En seguida recordé al intruso que había visto en la villa. Él también era muy alto, él también tenía los hombros de un luchador.

—¿Puedes describirlo?

—Estoy seguro de que era italiano. Diría que tenía entre veinticinco o veintiséis años; moreno, con rasgos toscos, apuesto… diría en un sentido animal, ¿entiendes? Tenía una cicatriz en la mejilla derecha; una marca zigzagueante que podría ser una vieja herida causada por un cuchillo.

—¿Y no tienes idea de quién es?

—No. Pero es fácil de reconocer si lo ves.

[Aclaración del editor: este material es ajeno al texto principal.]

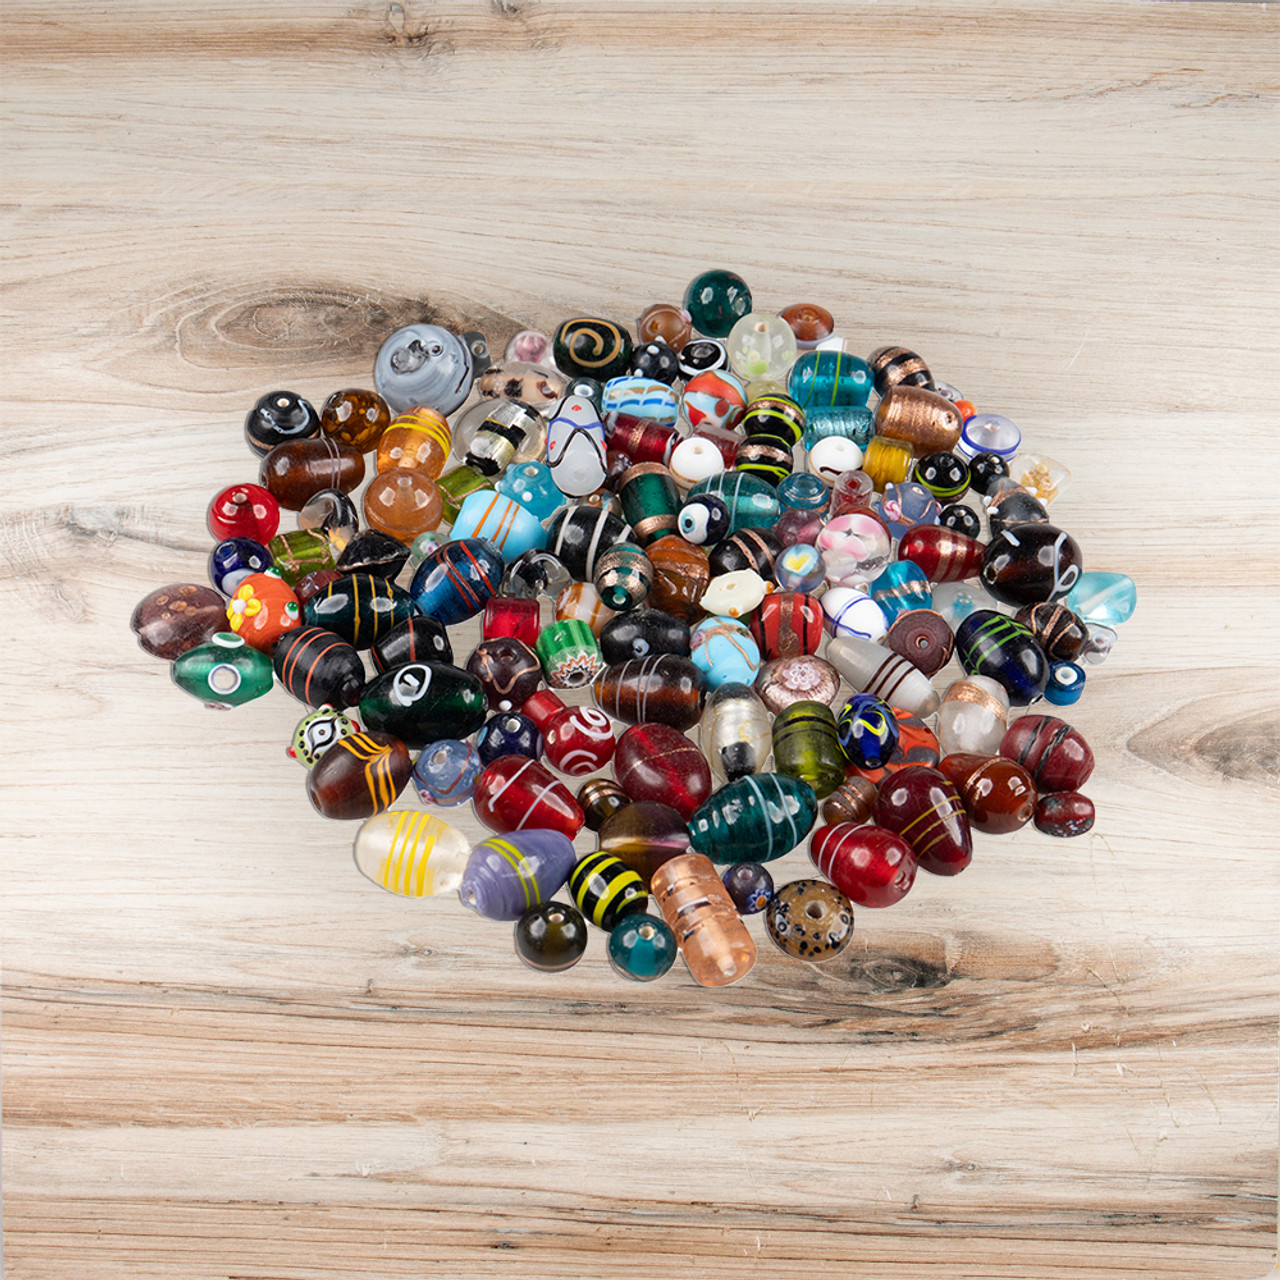 Assorted Round Glass Beads - 1 LB Bag

—Bien. ¿No se te ocurre nadie más?

Se encogió de hombros.

—Eso no es ni siquiera una idea, Ed. Este hombre fue el único excepto tú, con quien la he visto, pero puedes estar seguro que siempre andaba con alguno. Ojalá pudiera ser más útil, pero no puedo.

Me puse de pie.

—Has sido de mucho ayuda —le dije—. Ahora tranquilízate, no hagas nada ni digas nada. Trataré de encontrar este hombre. Puede ser el que ando buscando. Te mantendré al tanto. Si Carlotti llega hasta ti, tienes una buena coartada. Recuérdalo y no te preocupes.

Frenzi sonrió.

—Sí, tienes razón, confío en tu buen juicio, Ed.

Le respondí que hacía bien, nos estrechamos las manos y bajé hasta donde había dejado el Lincoln.

Mientras conducía hasta mi apartamiento, tuve la sensación de no haber perdido el tiempo. Me parecía haber encontrado la razón por la cual Helen había muerto al pie del acantilado. Era algo que no podía explicarle a Chalmers, pero, por lo menos, me daba una pista. Como había dicho Frenzi, alguien no se dejó chantajear con facilidad y Helen había muerto.

Lo que tenía que hacer ahora era encontrar a Carlo.